Red Hat Bugzilla – Bug 1469182
Peering should be blocked if cluster network is unavailable
Last modified: 2018-02-22 07:27:03 EST
Description of problem:
If the cluster network is unavailable for some reason, but the public network is up an OSD may be marked down, but report itself as up. This can result in peering that cannot complete.
Version-Release number of selected component (if applicable):
Steps to Reproduce:
1.Take cluster network offline
2.Wait for OSD to be reported down by peers
3.Watch for peering blocked by OSD.X
Actual results:Peering is blocked forever
Expected results:pgs are remapped
(In reply to Tupper Cole from comment #0)
> Description of problem:
> If the cluster network is unavailable for some reason, but the public
> network is up an OSD may be marked down, but report itself as up. This can
> result in peering that cannot complete.
> Actual results:Peering is blocked forever
> Expected results:pgs are remapped
The cluster network is how OSDs talk to each other. If it's down, nothing will function - since the OSDs can't communicate with each other, writes cannot work.
So asking for pgs to be 'remapped' in this case does not make sense to me. Are you asking for better detection/clearer warnings when the cluster network is not working?

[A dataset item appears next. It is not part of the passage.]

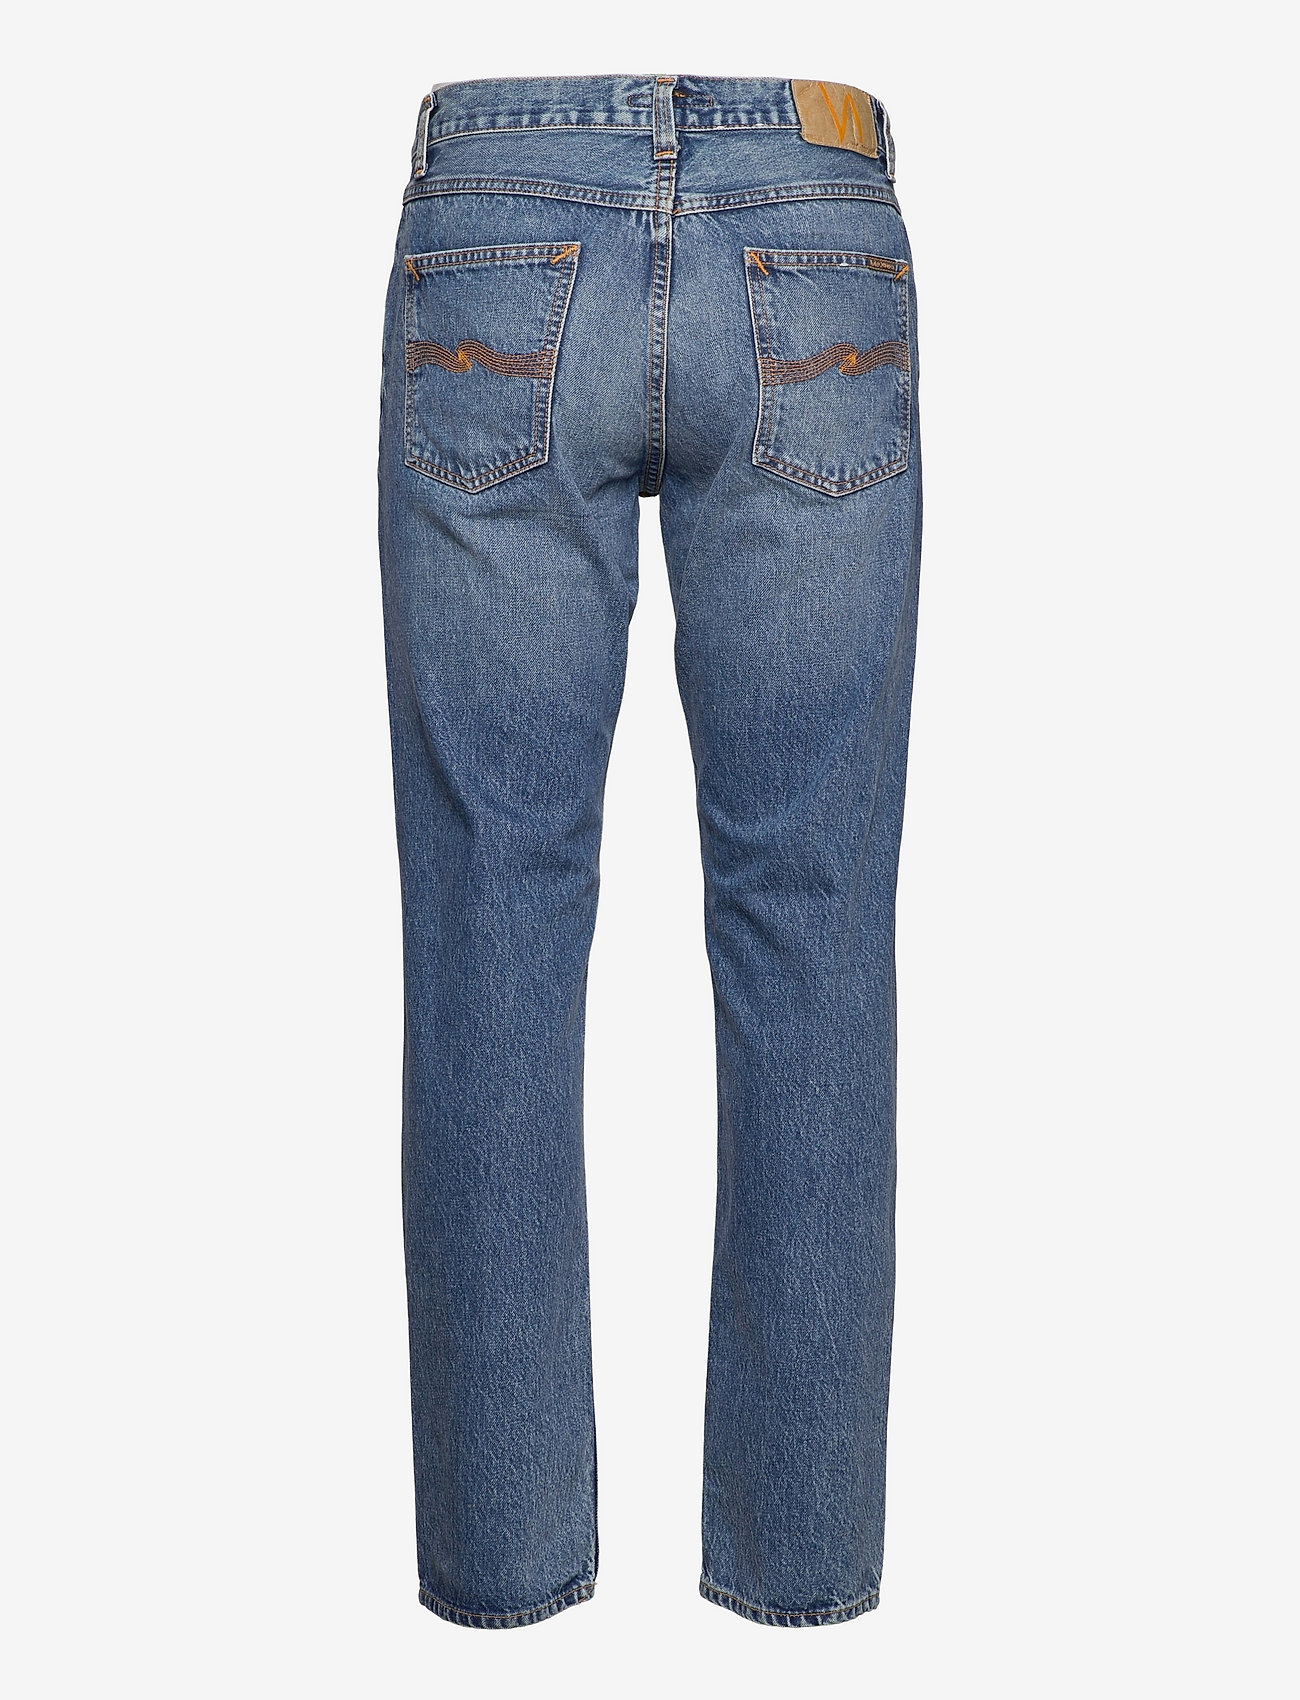 Nudie Jeans - Gritty Jackson - regular jeans - far out - 2

There are situation where a single host may not have connectivity to the cluster network, but will still have public network access.
To explain the scenario:
Customer has a five rack cluster, with single top of rack switches (failure domain is the rack). Cluster and public network are VLAN tagged, both through same switch. There is no issue if the switch dies, however a single port shutting down leaves the public network up and the cluster network unavailable on one node.
This exact scenario caused an outage on an upstream cluster slated for migration to supported RHCS.
Sounds like our existing cluster/client network heartbeats aren't working right then - needs investigation.